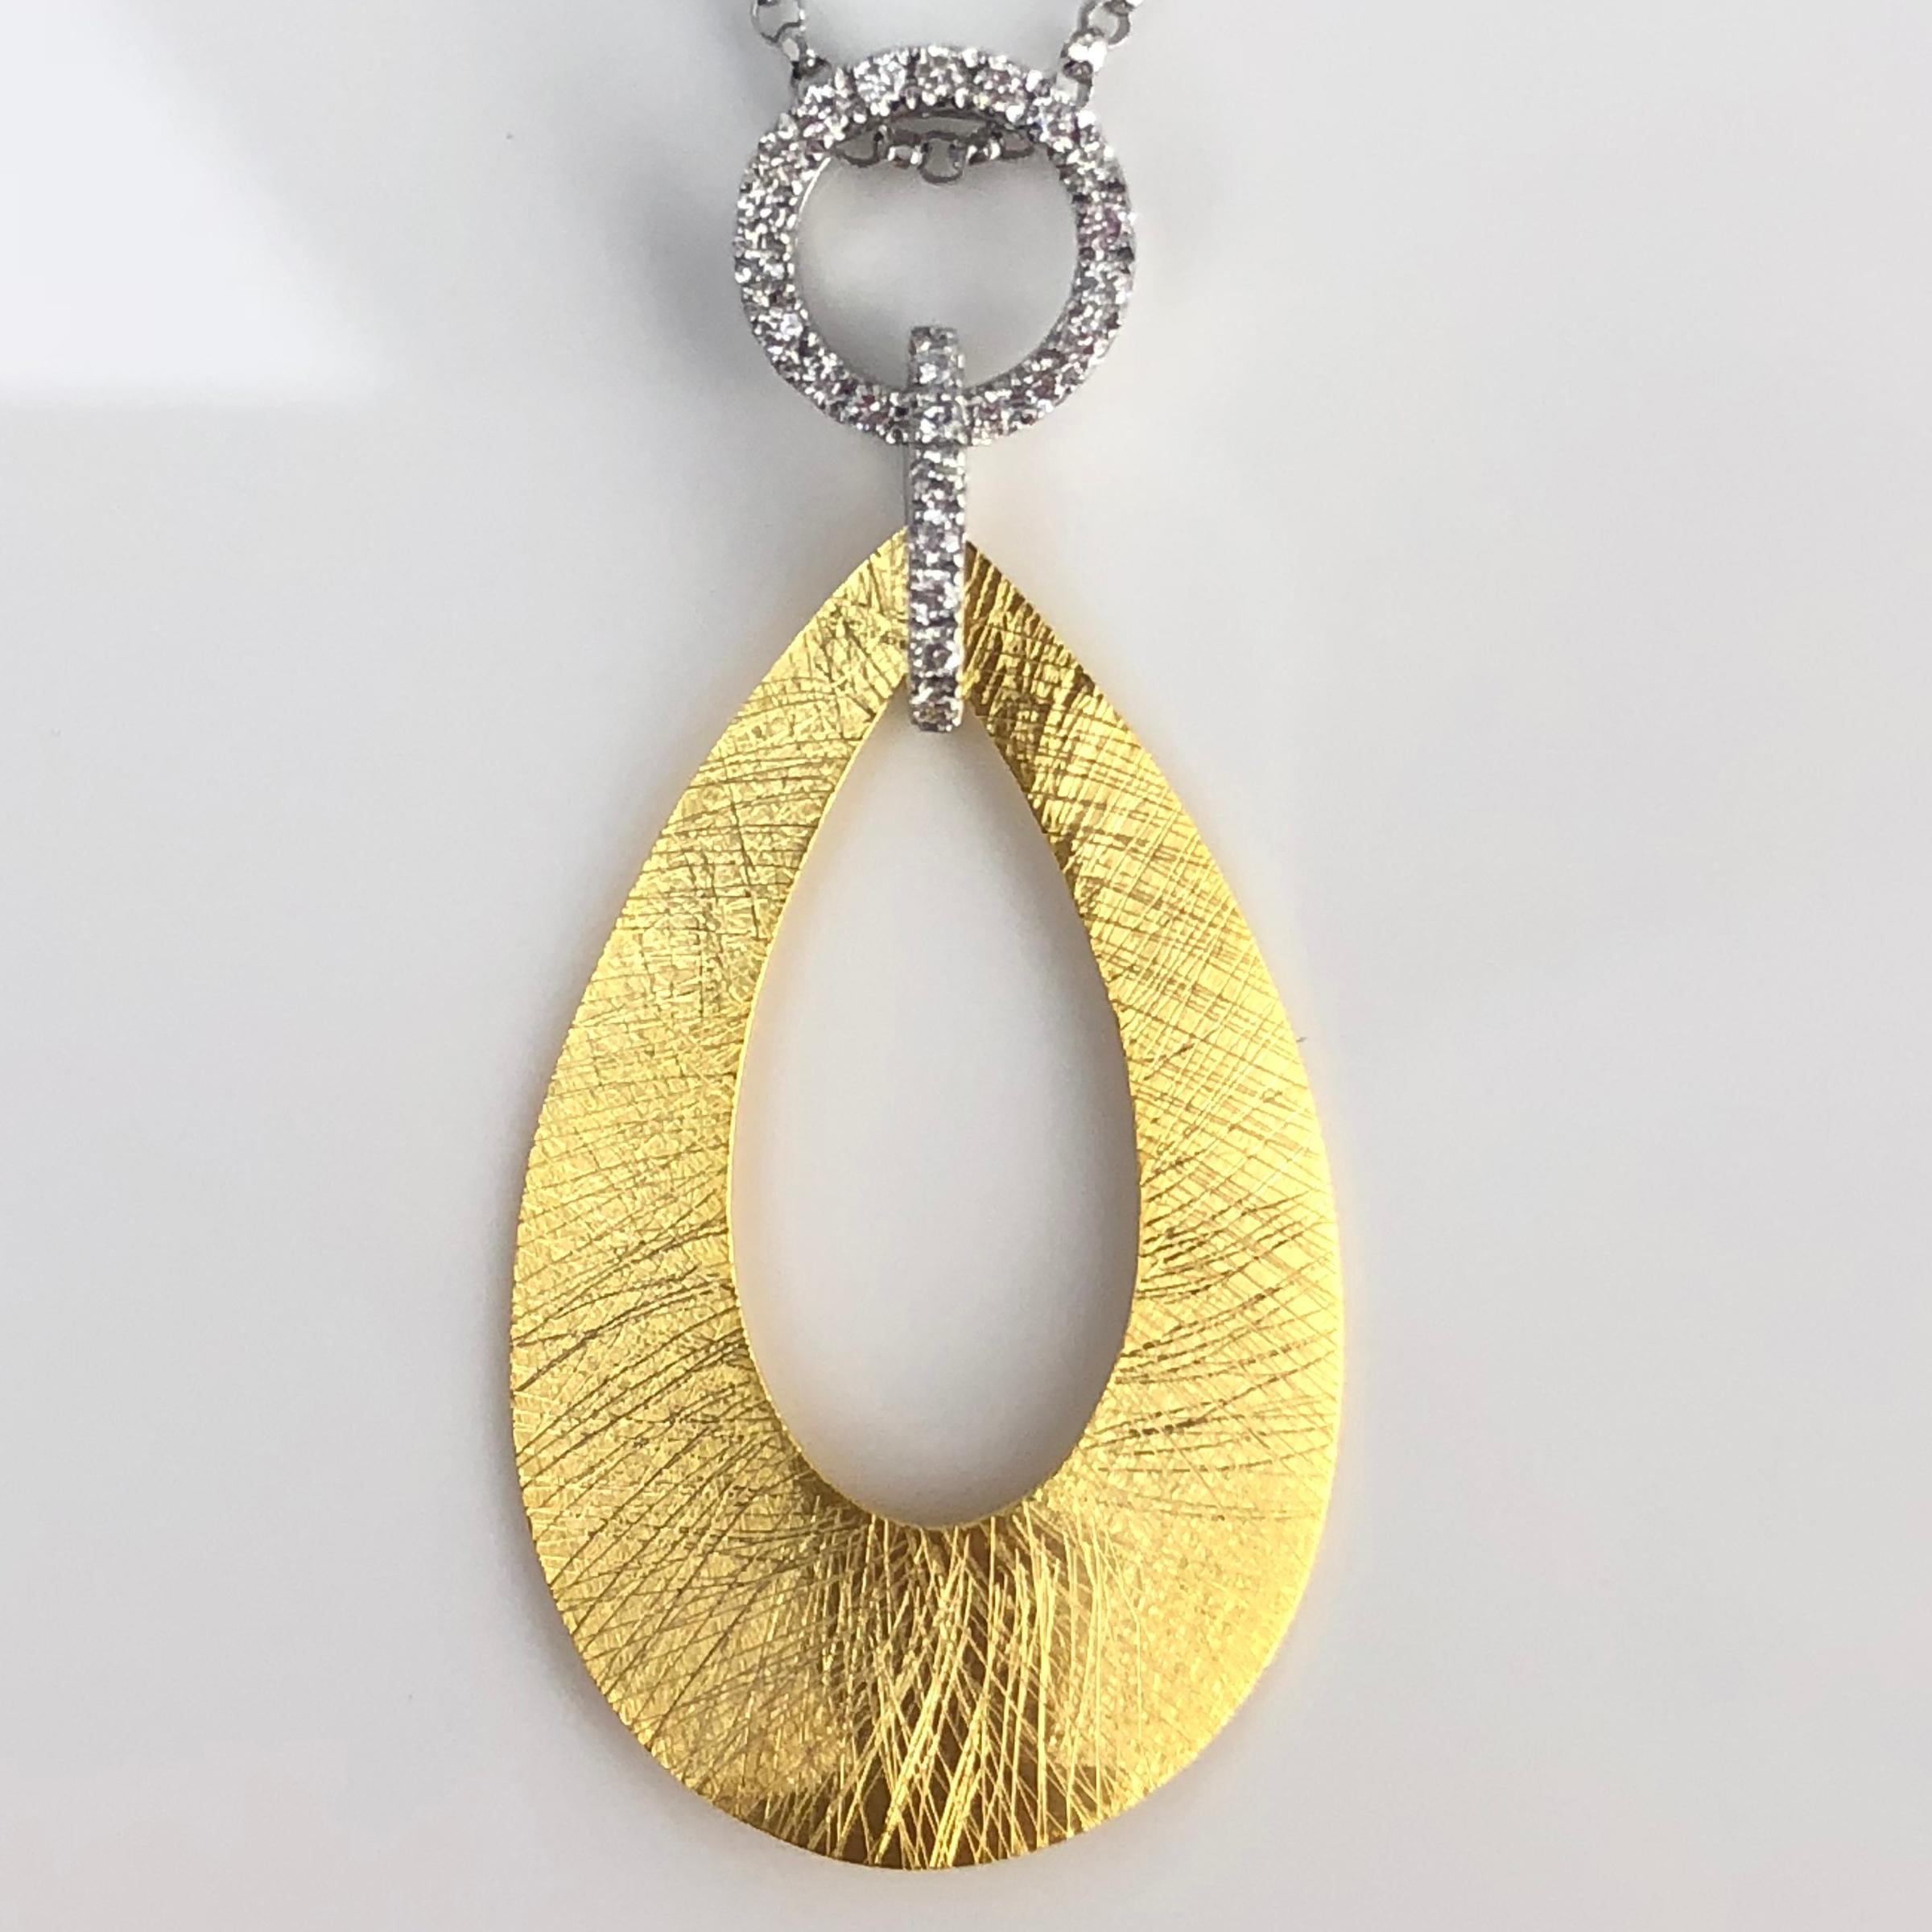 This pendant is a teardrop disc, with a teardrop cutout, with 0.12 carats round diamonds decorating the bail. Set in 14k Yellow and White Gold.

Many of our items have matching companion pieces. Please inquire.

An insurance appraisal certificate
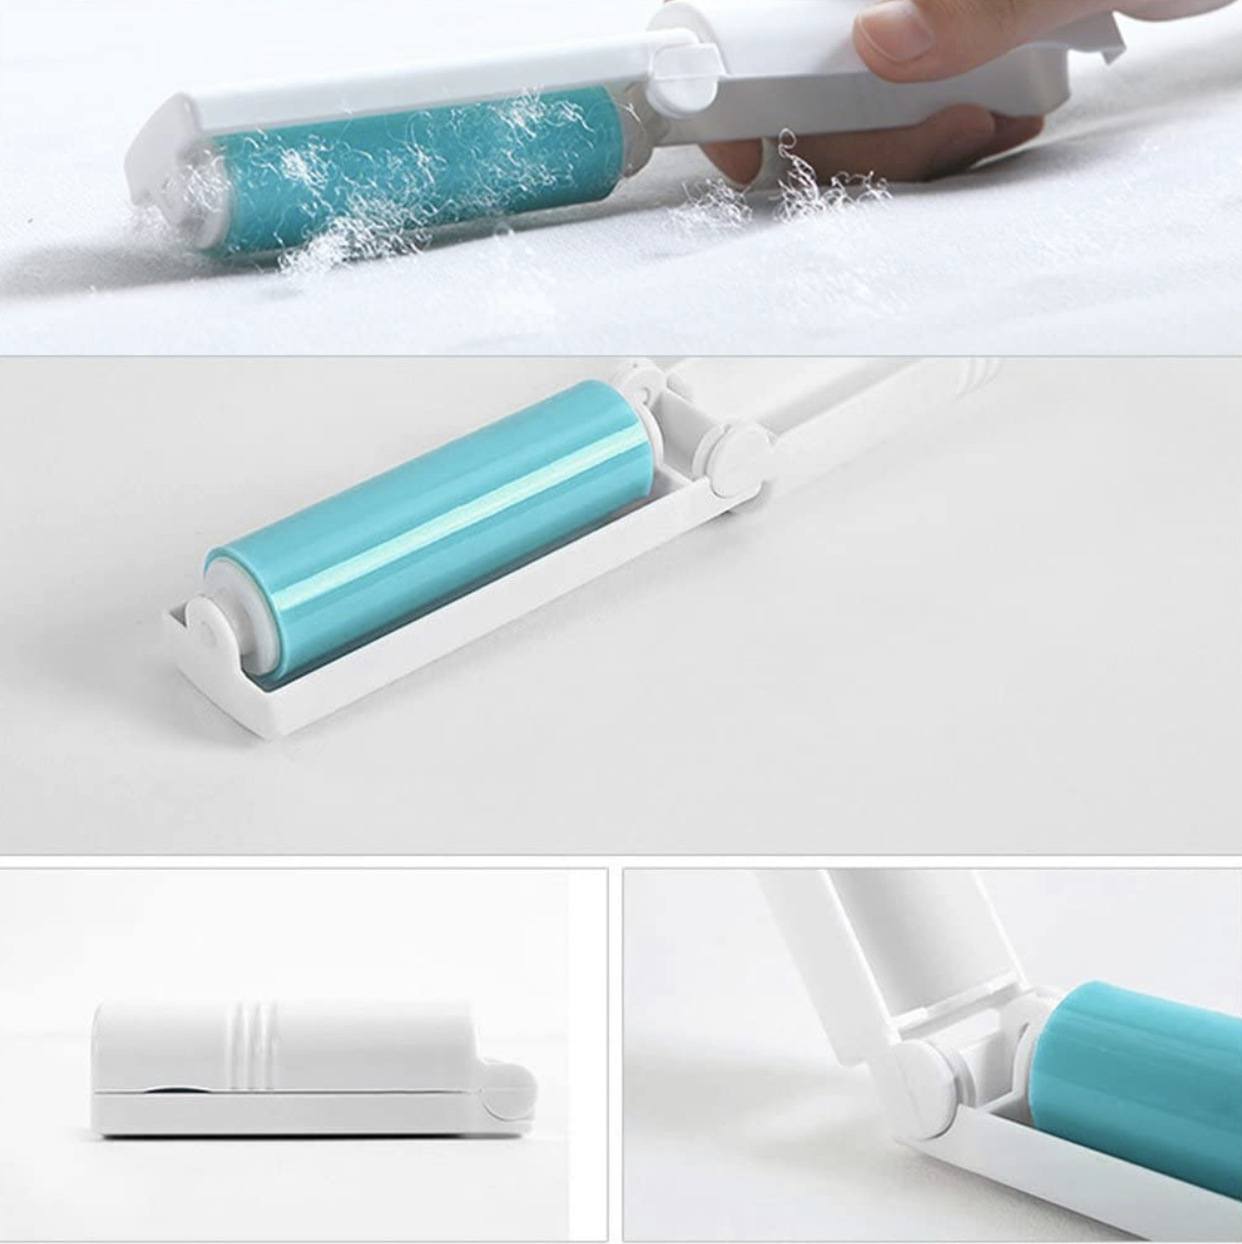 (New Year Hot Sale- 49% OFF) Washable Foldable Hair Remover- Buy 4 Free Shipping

→ **WHAT IS BEING ASKED**:
With the pictures omitted, print each line of the data above precisely as given.

→ **ANSWER**:
 This pendant is a teardrop disc, with a teardrop cutout, with 0.12 carats round diamonds decorating the bail. Set in 14k Yellow and White Gold.

Many of our items have matching companion pieces. Please inquire.

An insurance appraisal certificate
 (New Year Hot Sale- 49% OFF) Washable Foldable Hair Remover- Buy 4 Free Shipping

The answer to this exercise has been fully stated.